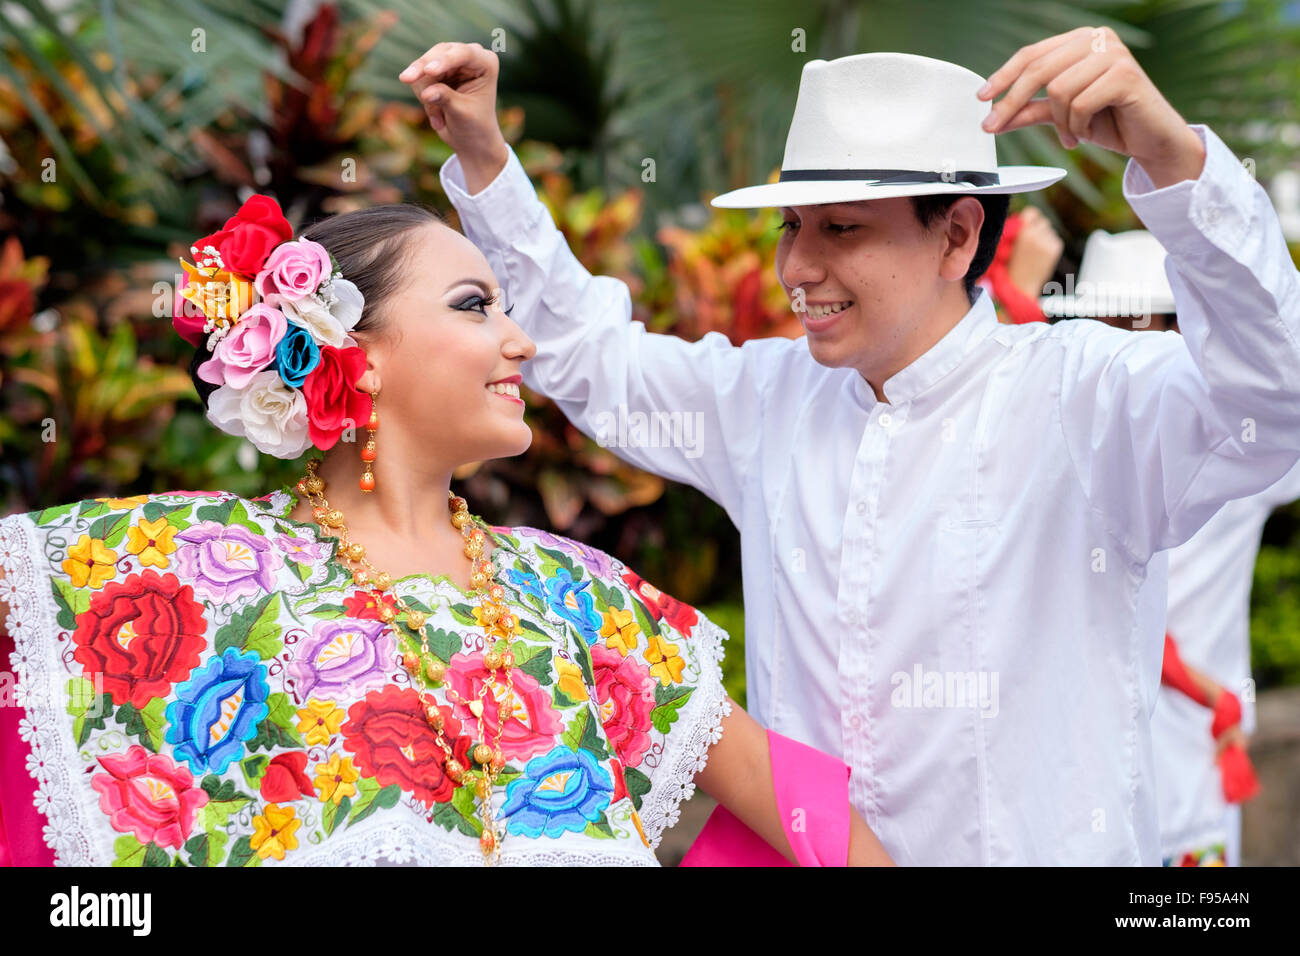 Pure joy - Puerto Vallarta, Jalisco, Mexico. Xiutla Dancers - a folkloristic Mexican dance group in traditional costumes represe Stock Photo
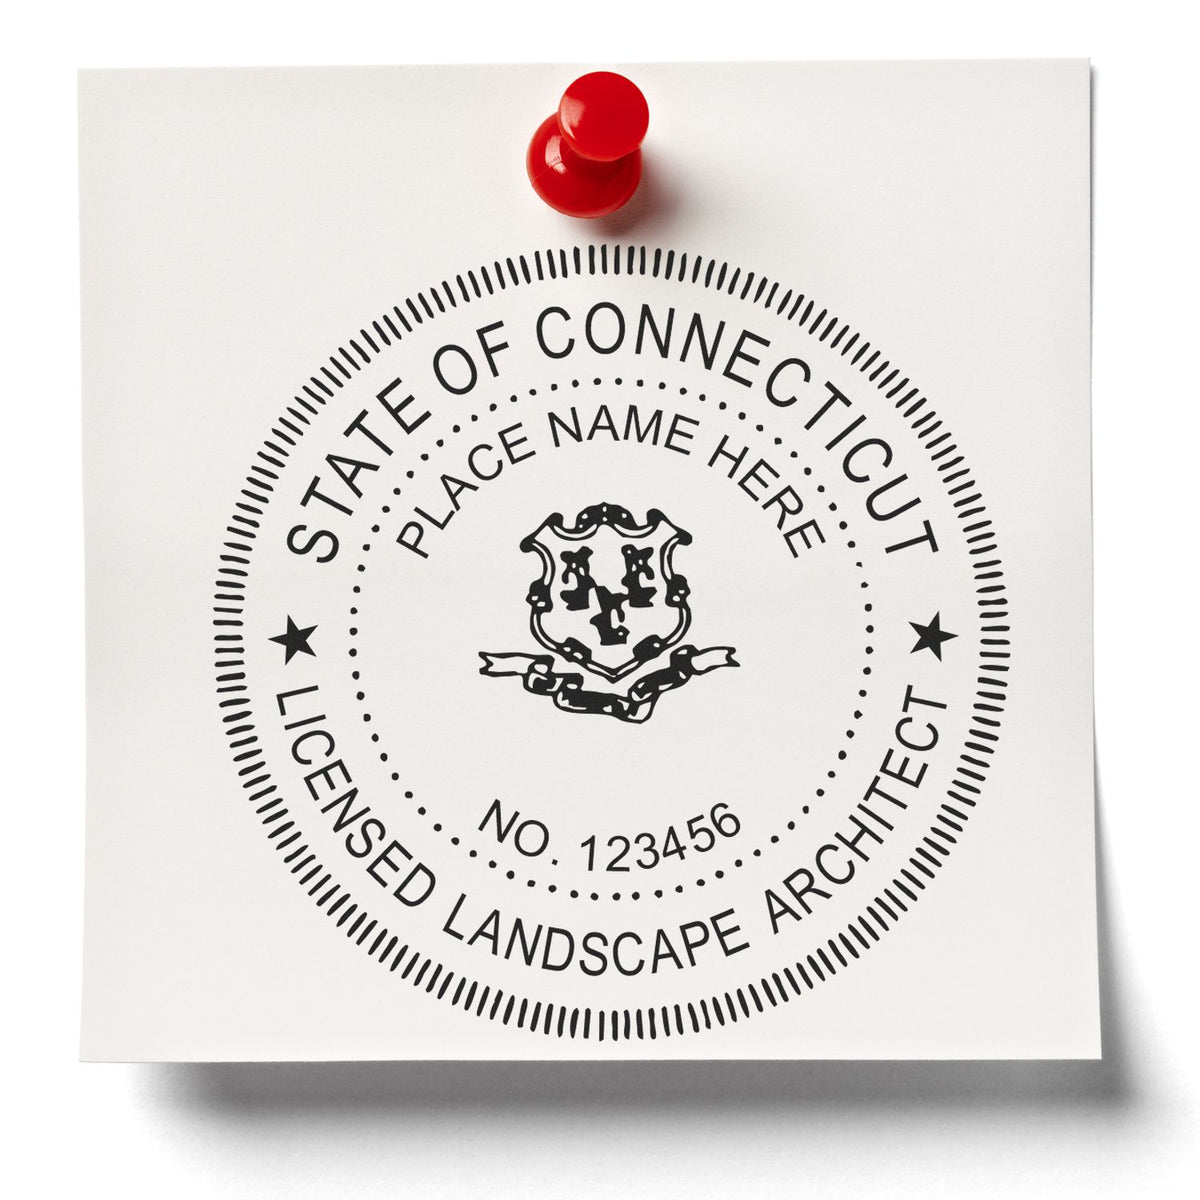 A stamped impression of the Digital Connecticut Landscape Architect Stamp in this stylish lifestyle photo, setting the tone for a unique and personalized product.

--

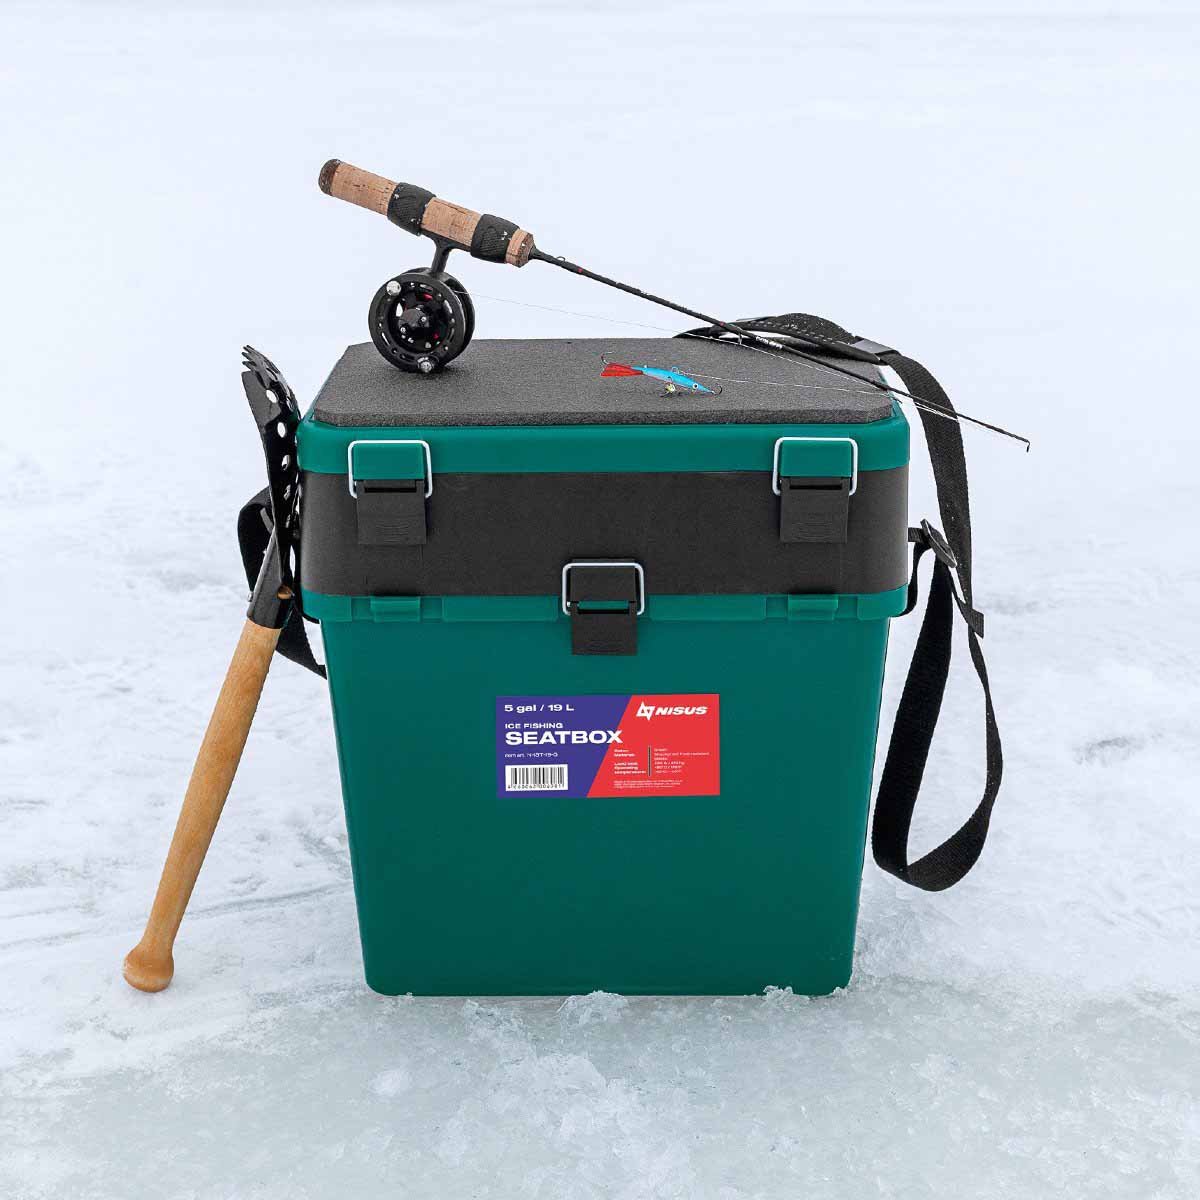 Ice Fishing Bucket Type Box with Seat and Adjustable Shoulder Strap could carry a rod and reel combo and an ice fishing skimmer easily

◆ Problem to work on ◆
Going by the data above, give back only the lines from the one containing "Pure joy - Puerto" through the one containing "A stamped impression", exactly as they stand, both ends included and no images.

◆ Exercise result ◆
 Pure joy - Puerto Vallarta, Jalisco, Mexico. Xiutla Dancers - a folkloristic Mexican dance group in traditional costumes represe Stock Photo
 A stamped impression of the Digital Connecticut Landscape Architect Stamp in this stylish lifestyle photo, setting the tone for a unique and personalized product.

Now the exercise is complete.